I am studying for my final and I have several problems that I need help understanding. Here goes.
s = 1/2gt^2 solve for g
Tom earns $6,000 less than 2 times as much as Rachel. If their 2 incomes come to $60,000 how much does each make?
A train leaves town A for town B traveling at 40 mph. At the same time a second train leaves town B for town A at 50 mph. If the two towns are 720 miles apart how long will it take for the 2 trains to meet?
3/2x - 9 = 1/2x + 7 solve for x
Last one
v = kt/p solve for k
How do these get worked out? Please help.
Here goes.
s = 1/2gt^2 solve for g
**** multiply both sides by 2, divide both sides by t^2
Tom earns $6,000 less than 2 times as much as Rachel. If their 2 incomes come to $60,000 how much does each make?
2R-6000=T
R+T=60000
A train leaves town A for town B traveling at 40 mph. At the same time a second train leaves town B for town A at 50 mph. If the two towns are 720 miles apart how long will it take for the 2 trains to meet?
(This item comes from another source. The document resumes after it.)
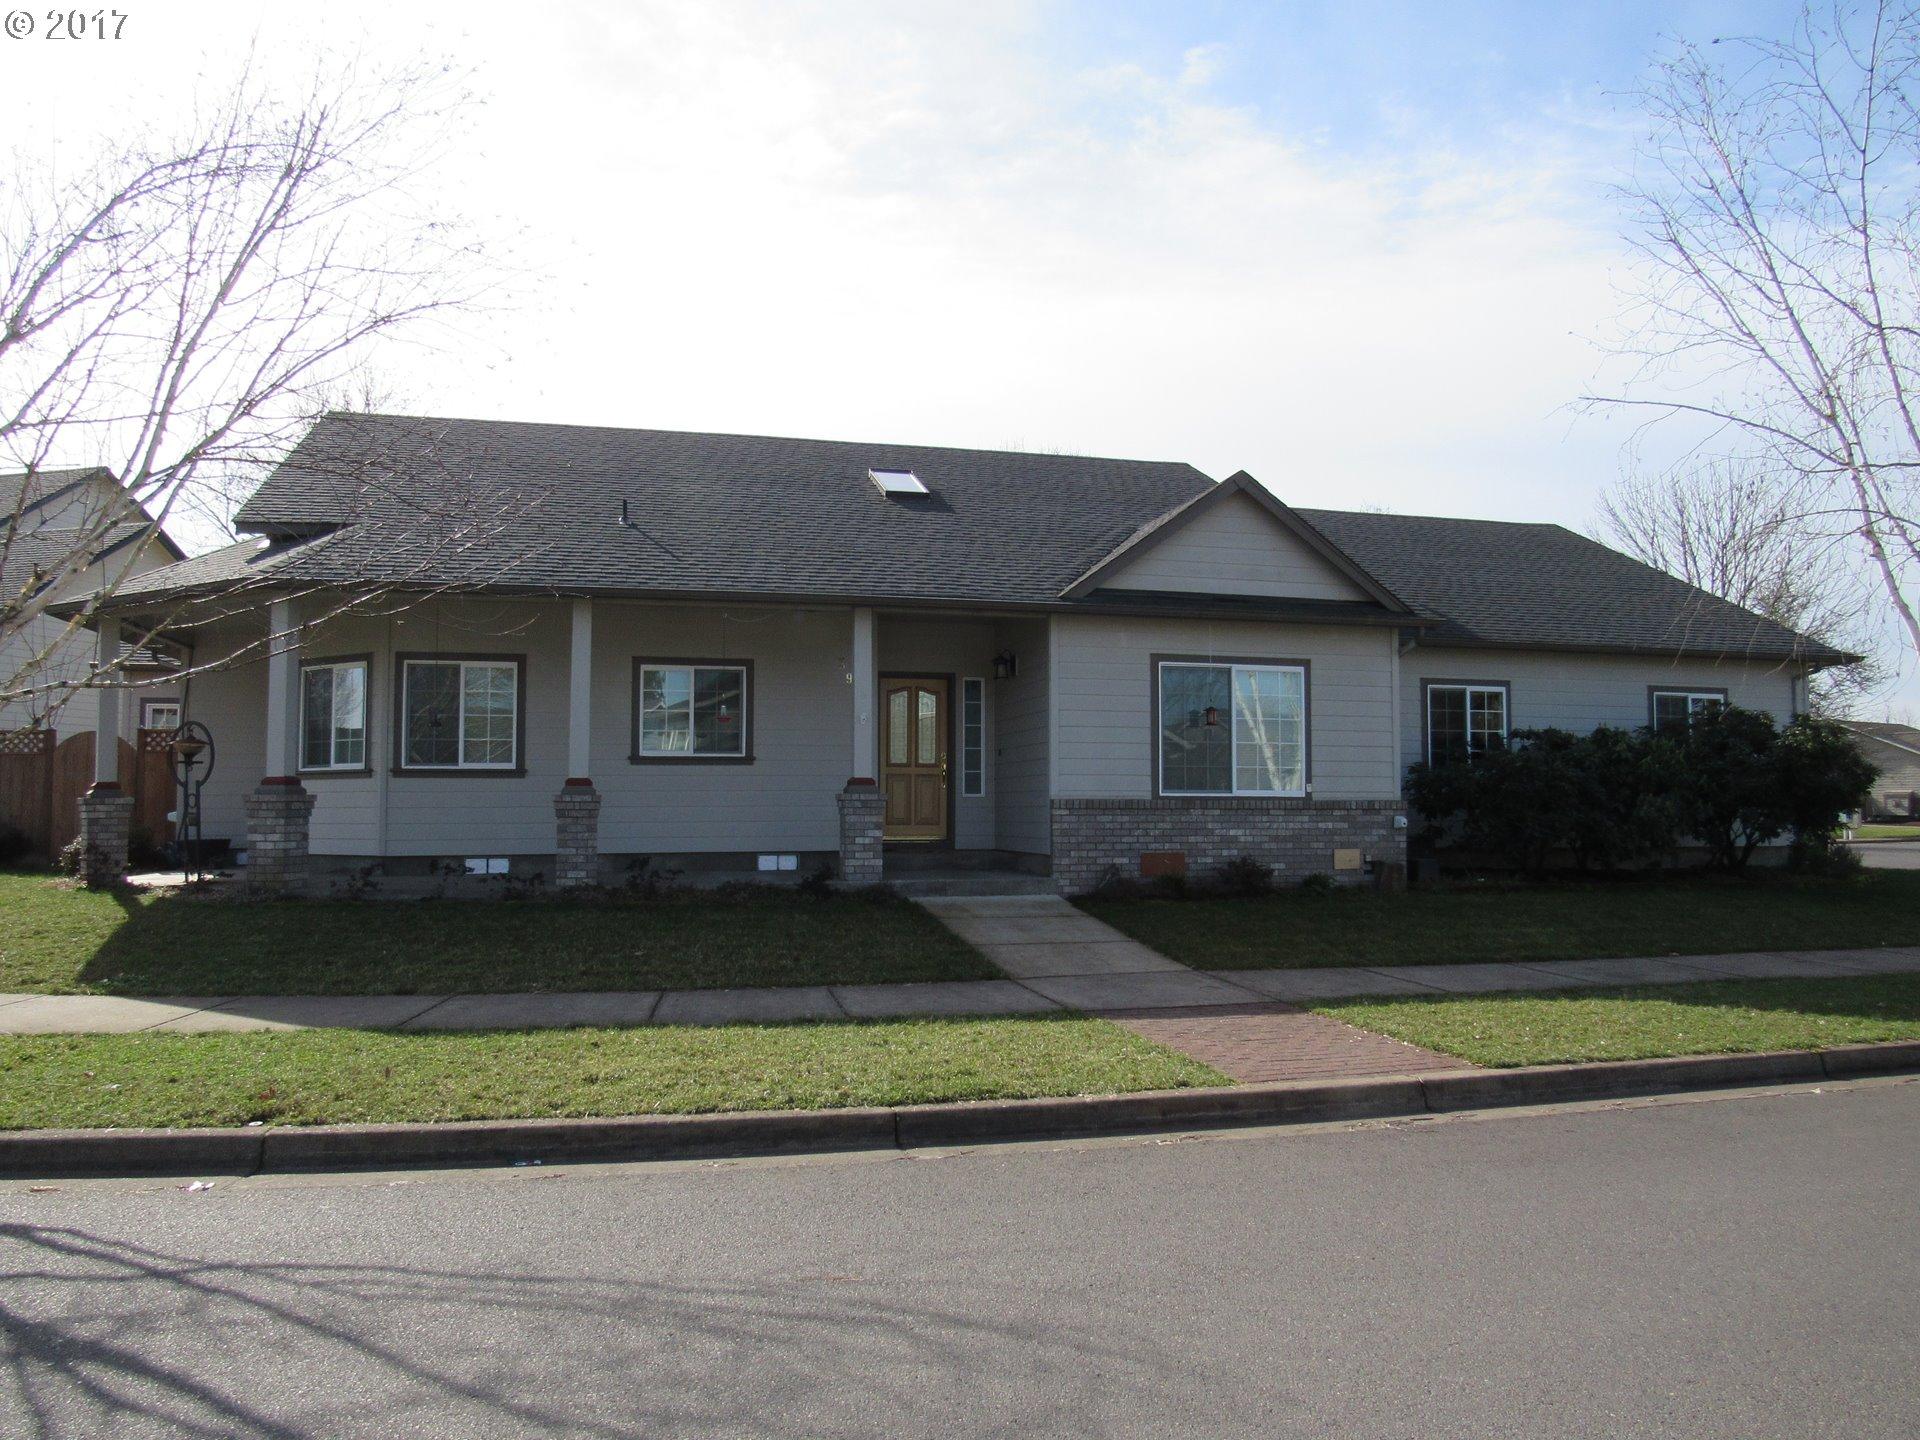 398 MACKIN AVE, Eugene OR 97404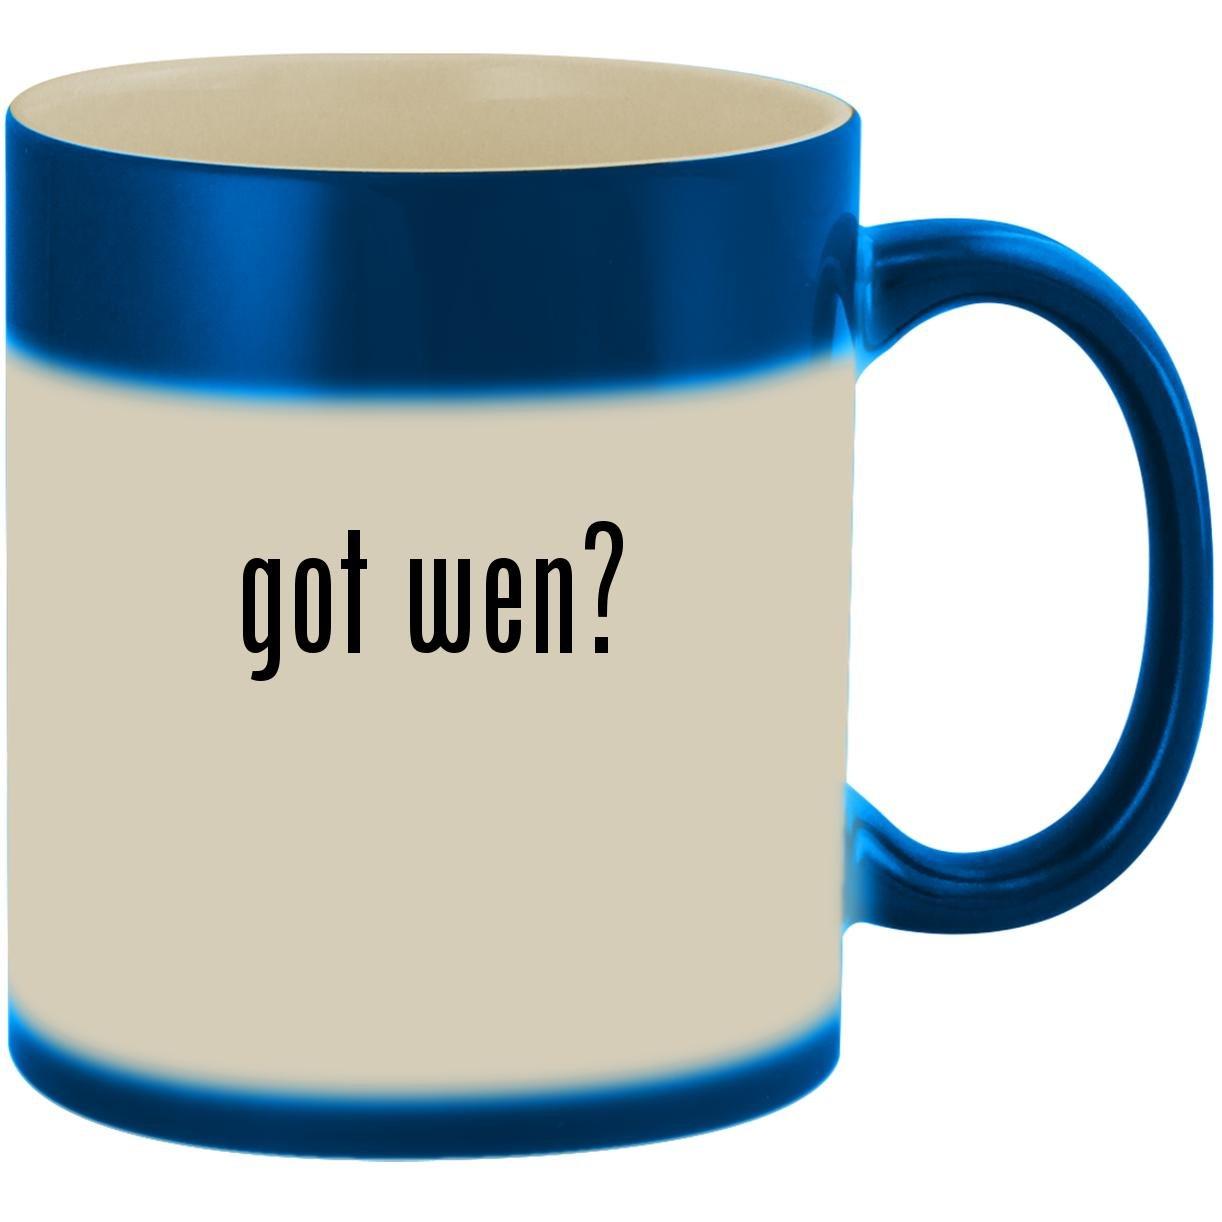 got wen? - 11oz Ceramic Color Changing Heat Sensitive Coffee Mug Cup, Blue

the distance both travel (added) is 720miles.
720=40T+50T solve for T
3/2x - 9 = 1/2x + 7 solve for x
subtract 1/2 x from each side, add 9 to each side.
Last one
v = kt/p solve for k multiply both sides by p/k
Sure! I'll explain how to solve each of these problems step by step. Let's start with the first one:
1. To solve for g in the equation s = (1/2)gt^2, you want to isolate g on one side of the equation.
- Begin by multiplying both sides of the equation by 2 to get rid of the fraction:
2s = gt^2
- Next, divide both sides of the equation by t^2 to isolate g:
g = 2s / t^2
So, g is equal to 2s divided by t^2.
Moving on to the second problem:
2. Let's determine the incomes of Tom and Rachel. We'll set up an equation using the given information.
- Let's assume Rachel's income is x dollars.
- According to the problem, Tom earns $6,000 less than twice Rachel's income, so Tom's income can be represented as 2x - 6000.
- The sum of their incomes is $60,000, so we set up the equation:
x + (2x - 6000) = 60000
- Combine like terms on the left side of the equation:
3x - 6000 = 60000
- Add 6000 to both sides to isolate the term with x:
3x = 66000
- Divide both sides by 3 to solve for x:
x = 66000 / 3
- Simplify:
x = 22000
- Now substitute the value of x back into the expressions for Tom and Rachel's incomes:
Tom's income = 2x - 6000 = 2(22000) - 6000 = 44000 - 6000 = 38000
Rachel's income = x = 22000
So, Tom makes $38,000 and Rachel makes $22,000.
Now let's move on to the next question:
3. This problem involves two moving objects. Since they are moving towards each other, their speeds are added together to find their combined speed. We can use the formula:
- Time = Distance / Speed
- The two trains are traveling towards each other, so their combined speed is the sum of their individual speeds:
Combined speed = 40 mph + 50 mph = 90 mph
- The total distance between the two towns is 720 miles, so we can plug these values into the formula to find the time:
Time = Distance / Speed = 720 miles / 90 mph = 8 hours
Therefore, it will take the two trains 8 hours to meet.
Now let's move on to the fourth problem:
4. To solve the equation (3/2)x - 9 = (1/2)x + 7 for x, we want to isolate the term with x on one side of the equation.
- Begin by subtracting (1/2)x from both sides:
(3/2)x - (1/2)x - 9 = 7
- Combine like terms on the left side of the equation:
x - 9 = 7
- Now, add 9 to both sides to isolate x:
x - 9 + 9 = 7 + 9
- Simplify:
x = 16
So, x is equal to 16.
Finally, let's look at the last problem:
5. To solve for k in the equation v = kt/p, you want to isolate k on one side of the equation.
- Start by multiplying both sides of the equation by p:
pv = kt
- Next, divide both sides of the equation by t to isolate k:
k = pv / t
Thus, k is equal to pv divided by t.
I hope these explanations help! Let me know if you have any further questions.